First published Sat Dec 28, 1996; substantive revision Sun Mar 25, 2007

Thought experiments are devices of the imagination used to investigate the nature of things. We need only list a few of the well-known thought experiments to be reminded of their enormous influence and importance in the sciences: Newton's bucket, Maxwell's demon, Einstein's elevator, Heisenberg's gamma-ray microscope, Schrödinger's cat. The same can be said for their importance in philosophy. Much of ethics, philosophy of language, and philosophy of mind is based firmly on the results of thought experiments. Again, a short list makes this evident: Thompson's violinist, Searle's Chinese room, Putnam's twin earth, Parfit's people who split like an amoeba. The 17th century saw some of its most brilliant practitioners in Galileo, Descartes, Newton, and Leibniz. And in our own time, the creation of quantum mechanics and relativity are almost unthinkable without the crucial role played by thought experiments. Contemporary philosophy, even more than the sciences, would be severely impoverished without them.
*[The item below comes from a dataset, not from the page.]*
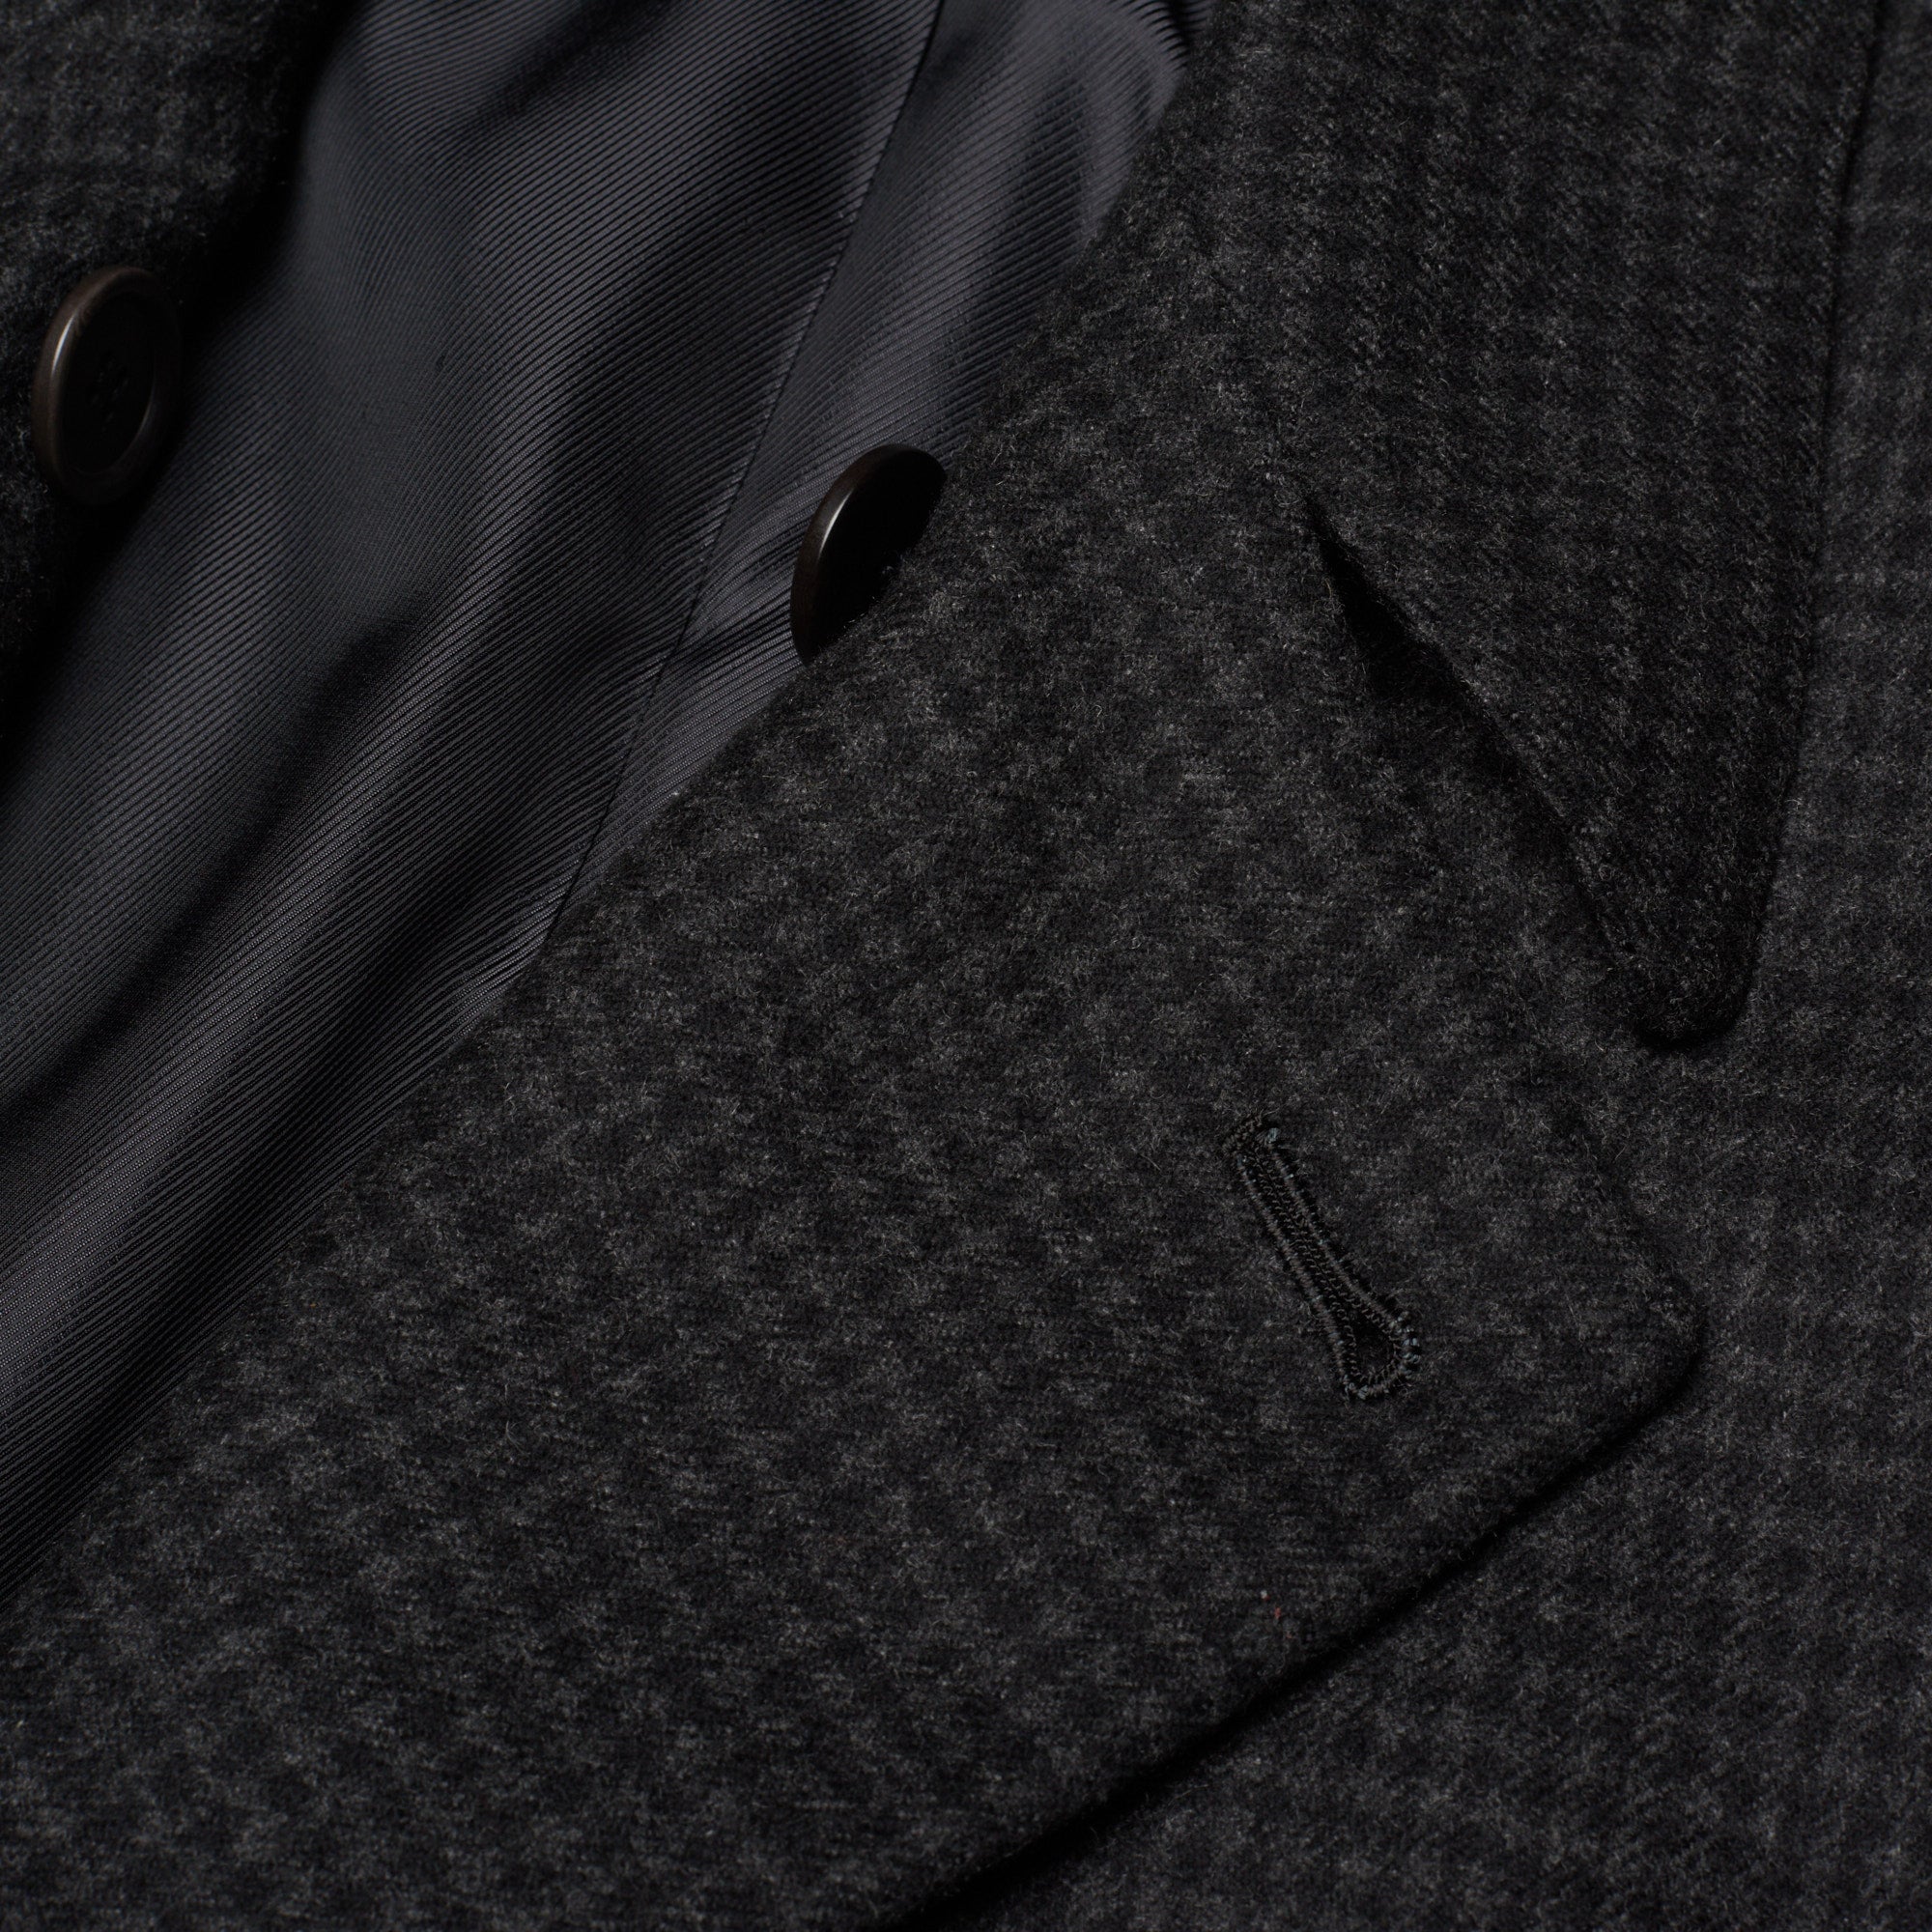 KITON Napoli Gray Checkered Cashmere-Silk DB Coat Overcoat EU 50 NEW US 40

1. Examples of Thought Experiments

Among scientists, Galileo and Einstein were, arguably, the most impressive thought experimenters, but they were by no means the first. Thought experiments existed throughout the middle ages, and can be found in antiquity, too. One of the most beautiful early examples (in Lucretius, De Rerum Natura) attempts to show that space is infinite: If there is a purported boundary to the universe, we can toss a spear at it. If the spear flies through, it isn't a boundary after all; if the spear bounces back, then there must be something beyond the supposed edge of space, a cosmic wall that stopped the spear, a wall that is itself in space. Either way, there is no edge of the universe; space is infinite.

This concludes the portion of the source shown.